So I mad the mistake and saved a lot of doduments twice because I messed up my document id. Because I did a Insert, i multiplied my documents everytime I saved them. So I want to delete all duplicates except the first one, that i wrote. Luckilly the documents have an implicit unique key (match._id) and I should be able to tell what the first one was, because I am using the object id.
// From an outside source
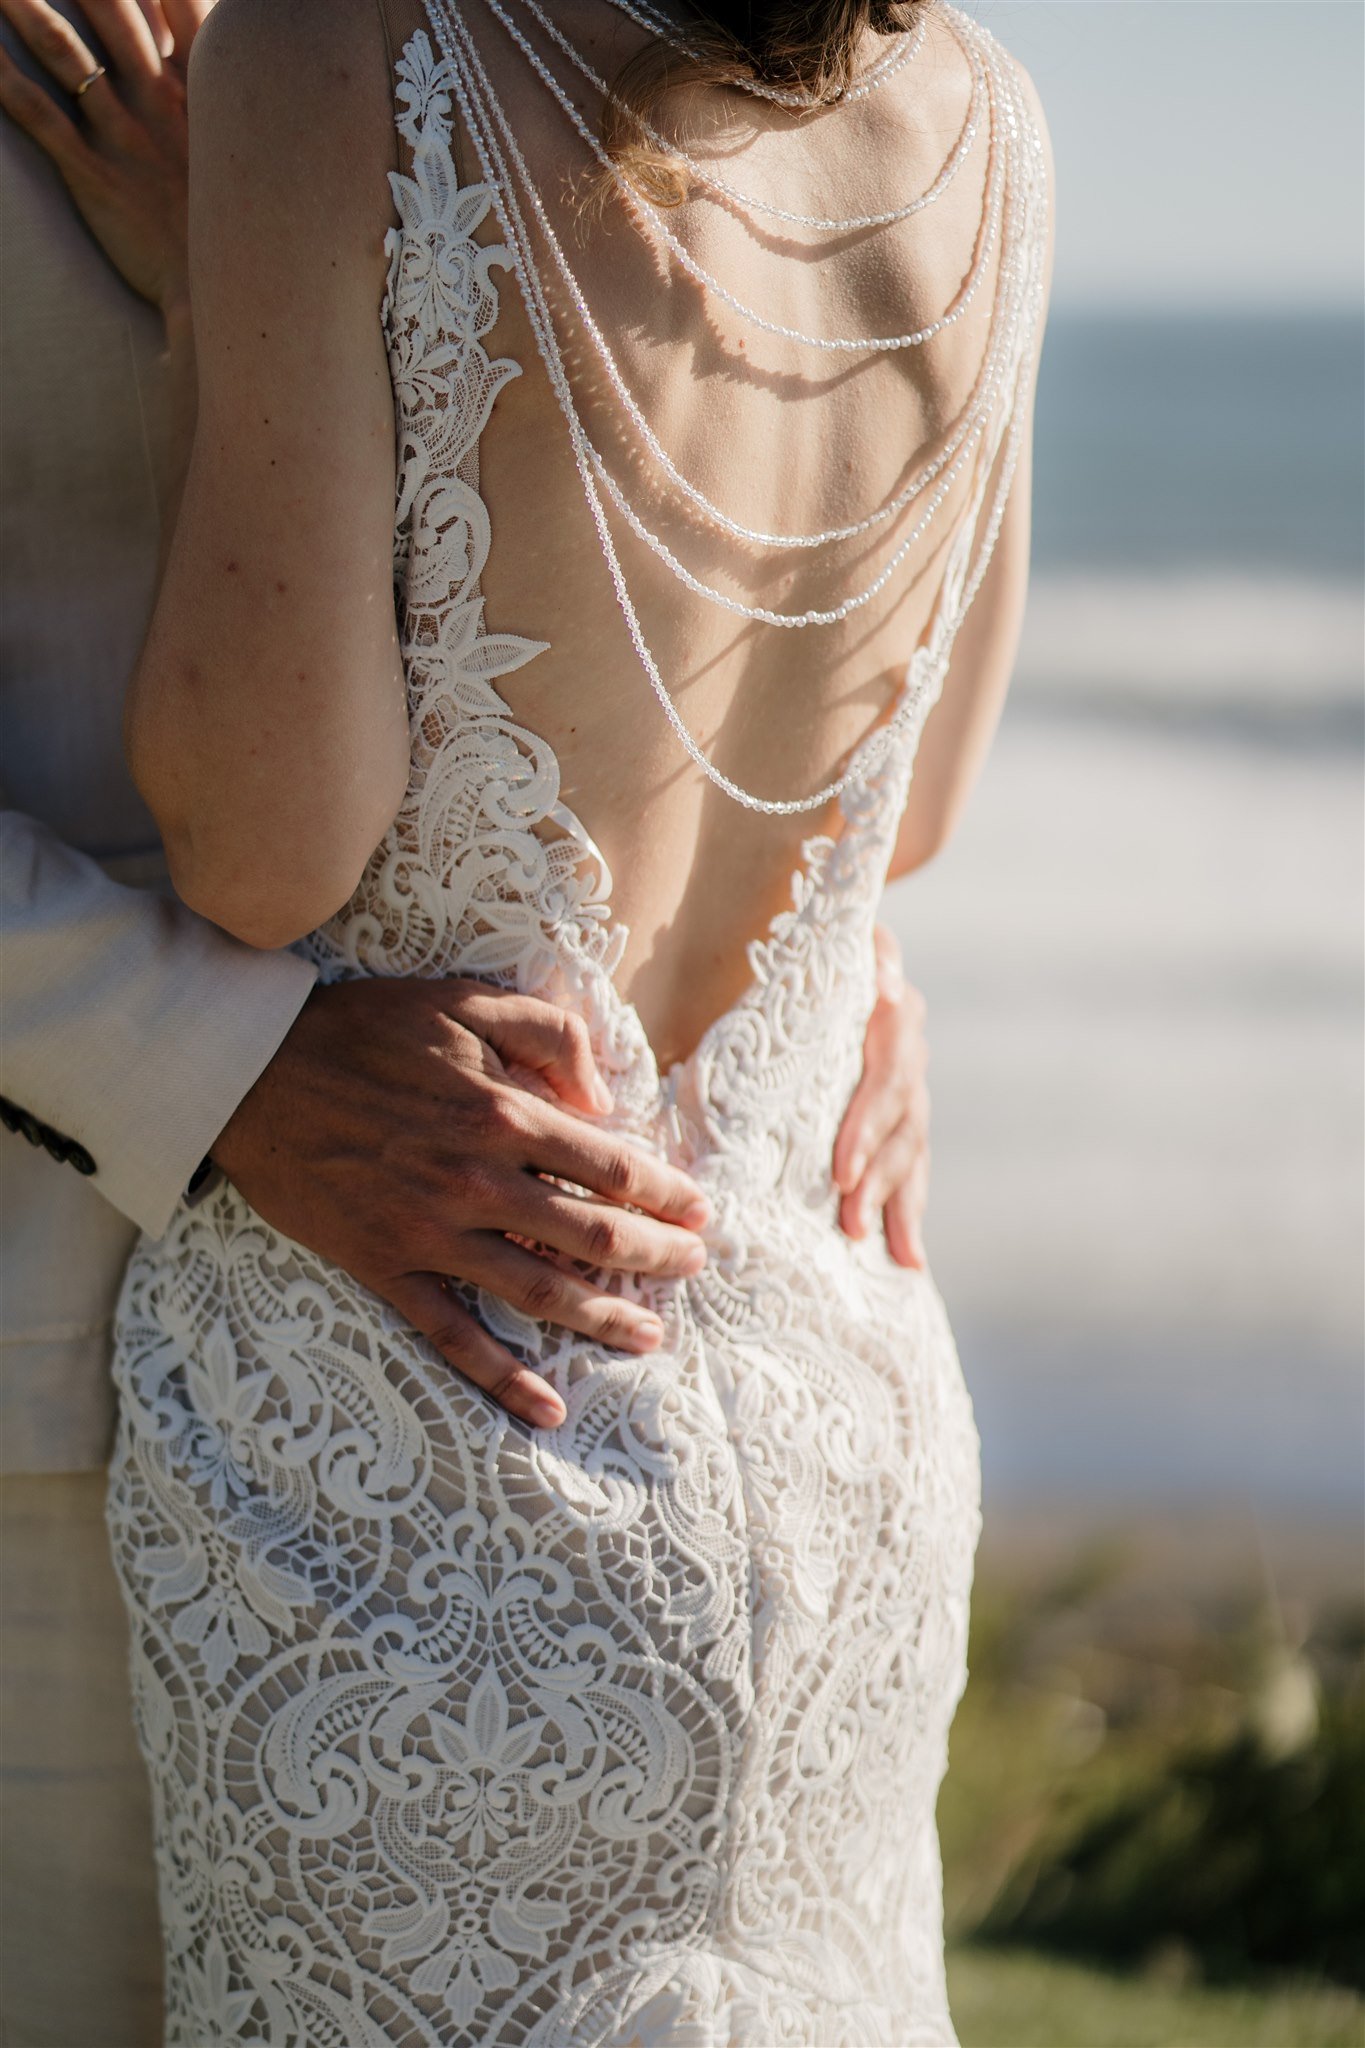 castaways-NZ-new-zealand-auckland-wedding-photographer-photography-videography-film-dear-white-productions-best-venue-waiuku-engagement-elopement-style-beach-intimate (247).jpg

The documents look like this:
{
_id: "5e8e2d28ca6e660006f263e6"
match : {
_id: 2345
...
}
...
}
So, right now I have a aggregation that tells me what elements are duplicated and stores them in a collection. There is for sure a more elegant way, but I am still learning.
[{$sort: {"$_id": 1},
{$group: {
_id: "$match._id",
duplicateIds: {$push: "$_id"},
count: {$sum: 1}
}},
{$match: {
count: { $gt: 1 }
}}, {$addFields: {
deletableIds: { $slice: ["$duplicateIds", 1, 1000 ] }
}},
{$out: 'DeleteableIds'}]
Now I do not know how to proceed further, as it does not seem to have a "delete" operation in aggregations and I do not want to write those temp data to a db just so I can write a delete command with that, as I want to delete them in one go. Is there any other way to do this? I am still learning with mongodb and feel a little bit overwhelmed :/